2. What all is required for BH? From what I see, looks like a lot of heeling, sitting, laying down, and waiting. lol 

*Here is a typical pattern 









- it can be modified depending on the club or the judge, but changes would be minor. At the beginning of the trial, the judge will explain how he wants the pattern to be done. You go through the pattern twice, once on leash, and once off leash. You go through the group of a minimum 4 people, do a figure 8 around 2 of the people of your choice, and do a halt with automatic sit next to one person. 

There are some changes in the making for the obedience heeling pattern - I think it will be mostly the number of paces here and there, and the out of motion exercises will not be out of motion anymore. (you stop, sit your dog, continue on with dog remaining sitting, etc). A down with recall, front and finish. The pattern can take from about 10 to about 15 minutes to accomplish. While one person does the pattern, another one does the long down. When you end your obedience portion, you switch out and do your long down while the other team does the pattern. 

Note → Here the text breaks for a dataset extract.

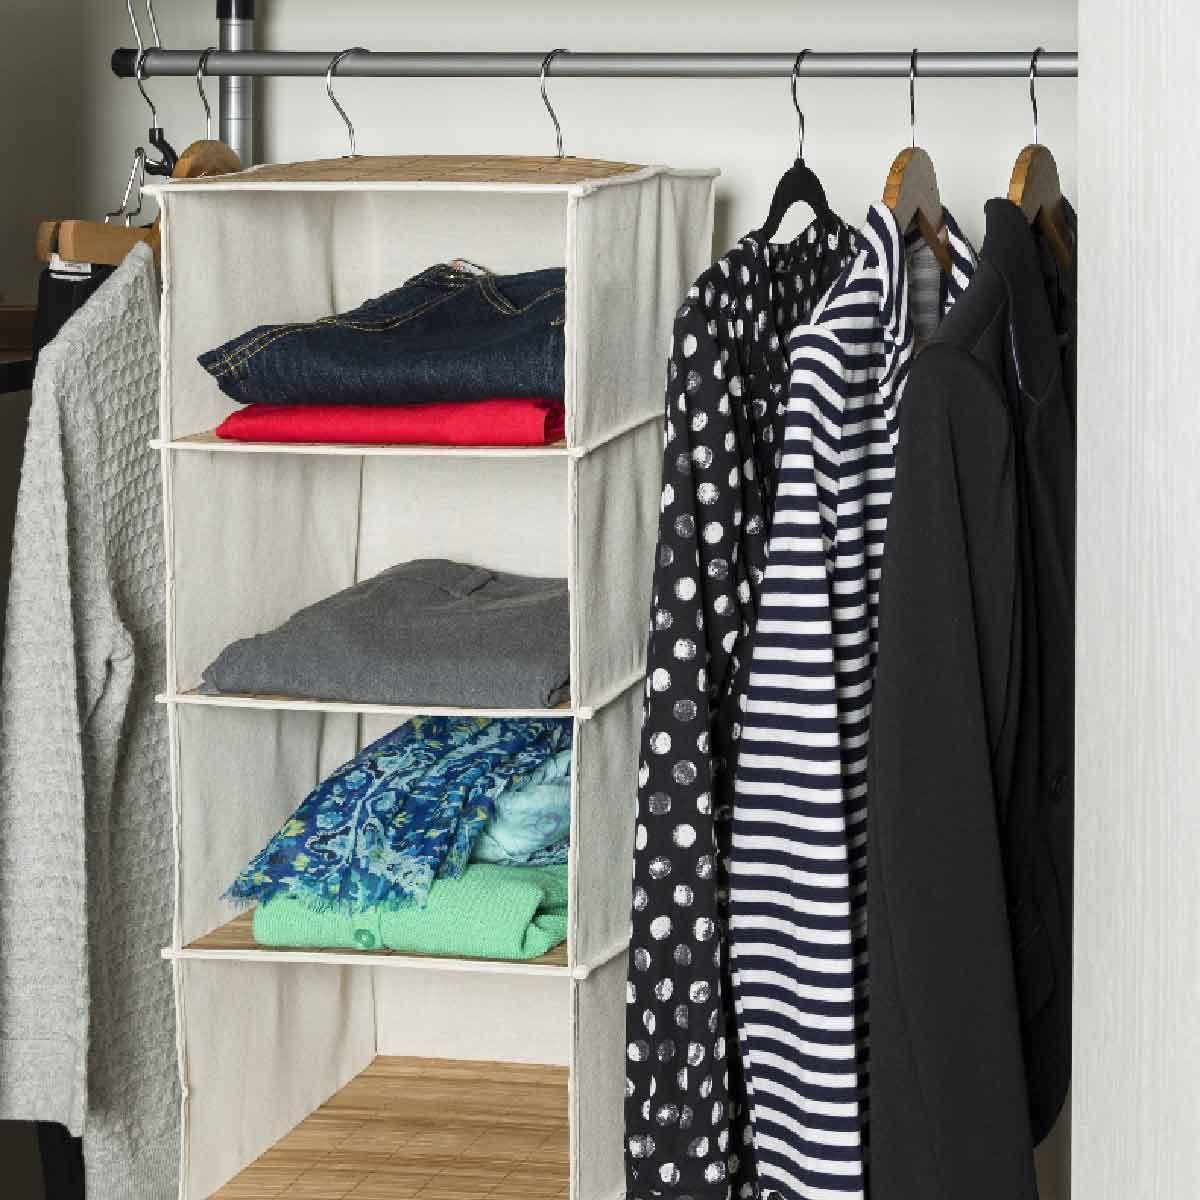 etag re suspendue pour pulls rangement penderie. Black Bedroom Furniture Sets. Home Design Ideas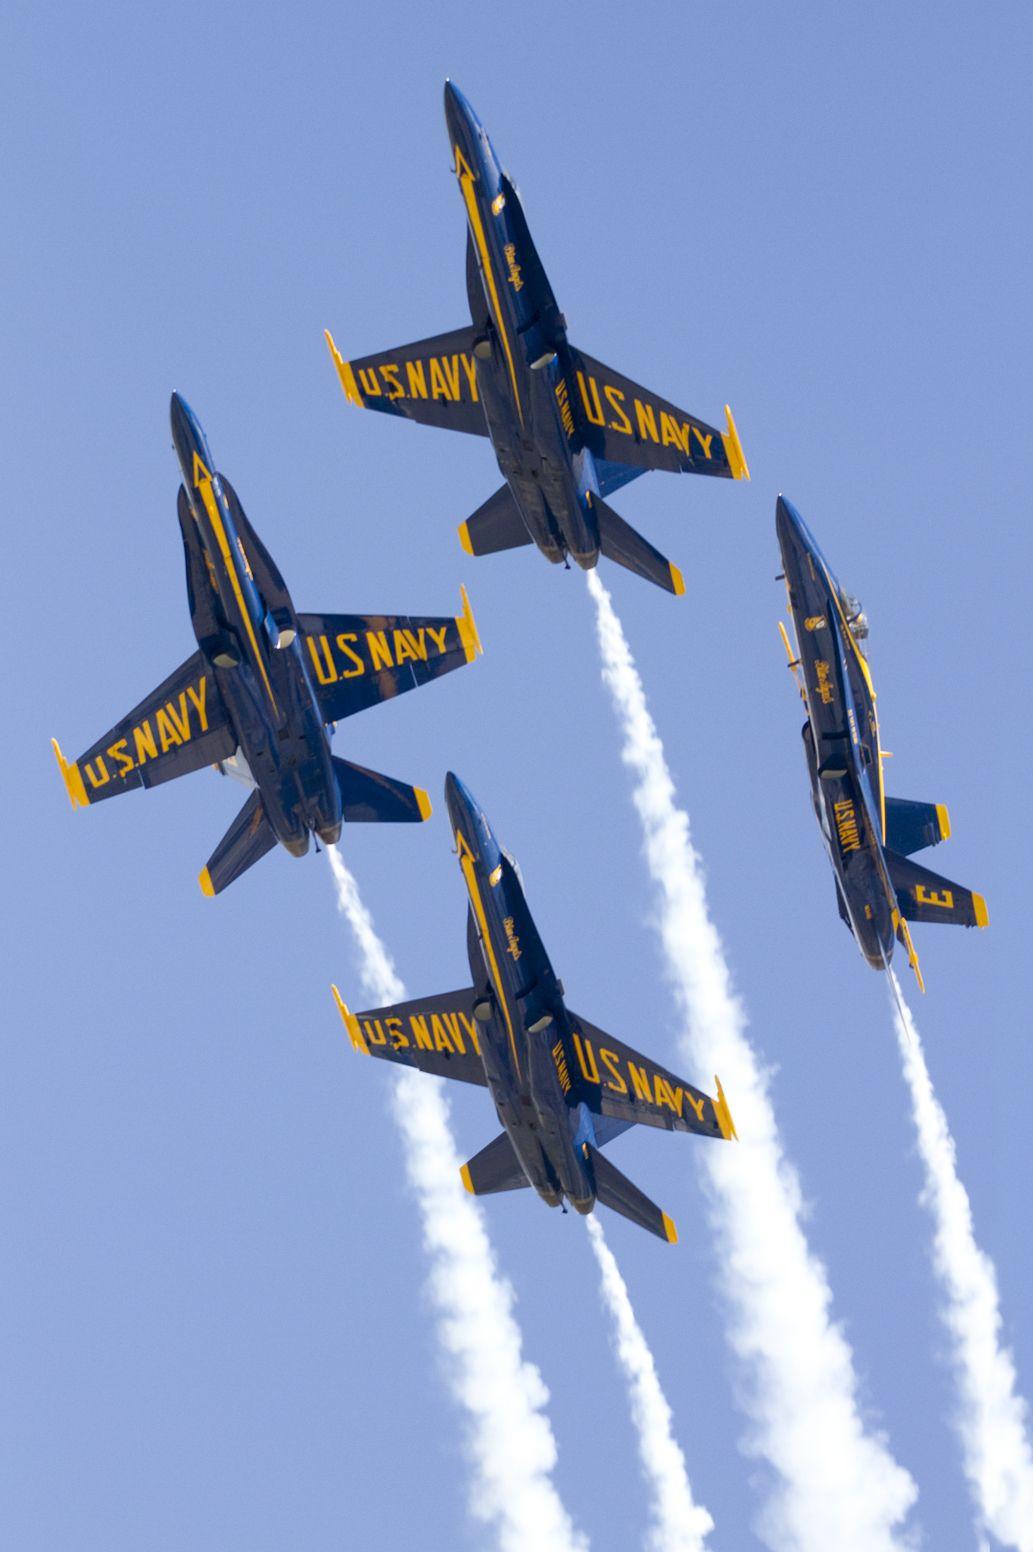 Pin on Aircrafts

Here is a non-complete photo coverage with a few comments from when I did the BH with Gryffon last spring - gives you an overview, and some excercises do not have pictures. *
http://www.germanshepherds.com/foru...rds-pictures-warning-extremely-pic-heavy.html


3. This is probably a dumb question, but can commands be given in English? Like heel, wait, sit, etc...?
*Nope, not dumb at all. Rule book states that a person can give commands in their native language. It does not even have to be all German, or all English, you can mix them up. But one thing you cannot do is to switch languages for the same command. So for example, if you use the English term to "Heel", you must use "Heel" thoughtout the routine - you cannot say "Heel" in one exercise, and use the German "Foos" in another. *


----------



## DolphinGirl (Nov 5, 2010)

Thank you...now I have something to work towards. I have a long way to go. Heeling is going so so.


----------



## G-burg (Nov 10, 2002)

> You can use any language you want so long as you give all commands in that language.


Exactly.. 

I was told you cannot interchange the language and got called up on it in my last trial.. because I used "stand" instead of "stah"


----------



## Liesje (Mar 4, 2007)

Seriously you can't mix languages? Even if commands are consistent? I use "sit" and "search" (for tracking), maybe a few other English commands, but the rest is platz, fuss, aus, hier, steh... I know German but can't stand it when words are pronounced wrong and there's a few words I just can't pronounce even though I know them.


----------



## Castlemaid (Jun 29, 2006)

G-burg said:


> Exactly..
> 
> I was told you cannot interchange the language and got called up on it in my last trial.. because I used "stand" instead of "stah"


I know the language issue has been brought up before - the rule book is kinda vague on that. 

It is one of those things that seems to be up to interpretation from the judge. I've used "come" and the rest in German, and did not have issues with it. These are things that one can ask the judge at the beginning of the trial.


----------



## Chris Wild (Dec 14, 2001)

Unless something has changed recently and I didn't notice, permanent ID is only required for PB GSDs. Not for mixes or other breeds. At least with USA. I'm not sure about DVG. But whether you had to tattoo or chip would depend on what organization you trial under. If chip, yes a reader must be provided. Though check with the club hosting the trial beforehand as many clubs have these and provide them for trials. Though if the club does not, you would have to have your own.

The rules that tell all that is required can be found on the DVG website:
New Titles and Regulations

Any language can be used. I've known people who used Japanese and Klingon, amongst others. As far as all commands being in the same language, the actual rules are rather vague and open to interpretation. So naturally different judges interpret them differently. Some don't care. Some will penalize with point loss mixing languages. Some won't take points, but will comment on it. Personally, I think that's ridiculous. Not to mention, if someone wanted to go off the wall and not use the normal English or German, just how would a judge know if sit was in Klingon and down in Romulan?


----------



## wildo (Jul 27, 2006)

Chris Wild said:


> I've known people who used Japanese and *Klingon,* amongst others.


Seriously?? Hahahahahaa!!


----------



## clearcreekranch (Mar 18, 2010)

Yeah, what would be the commands in Klingon. Maybe my husband would do better with them....he's a huge Star Trek fan. LOL


----------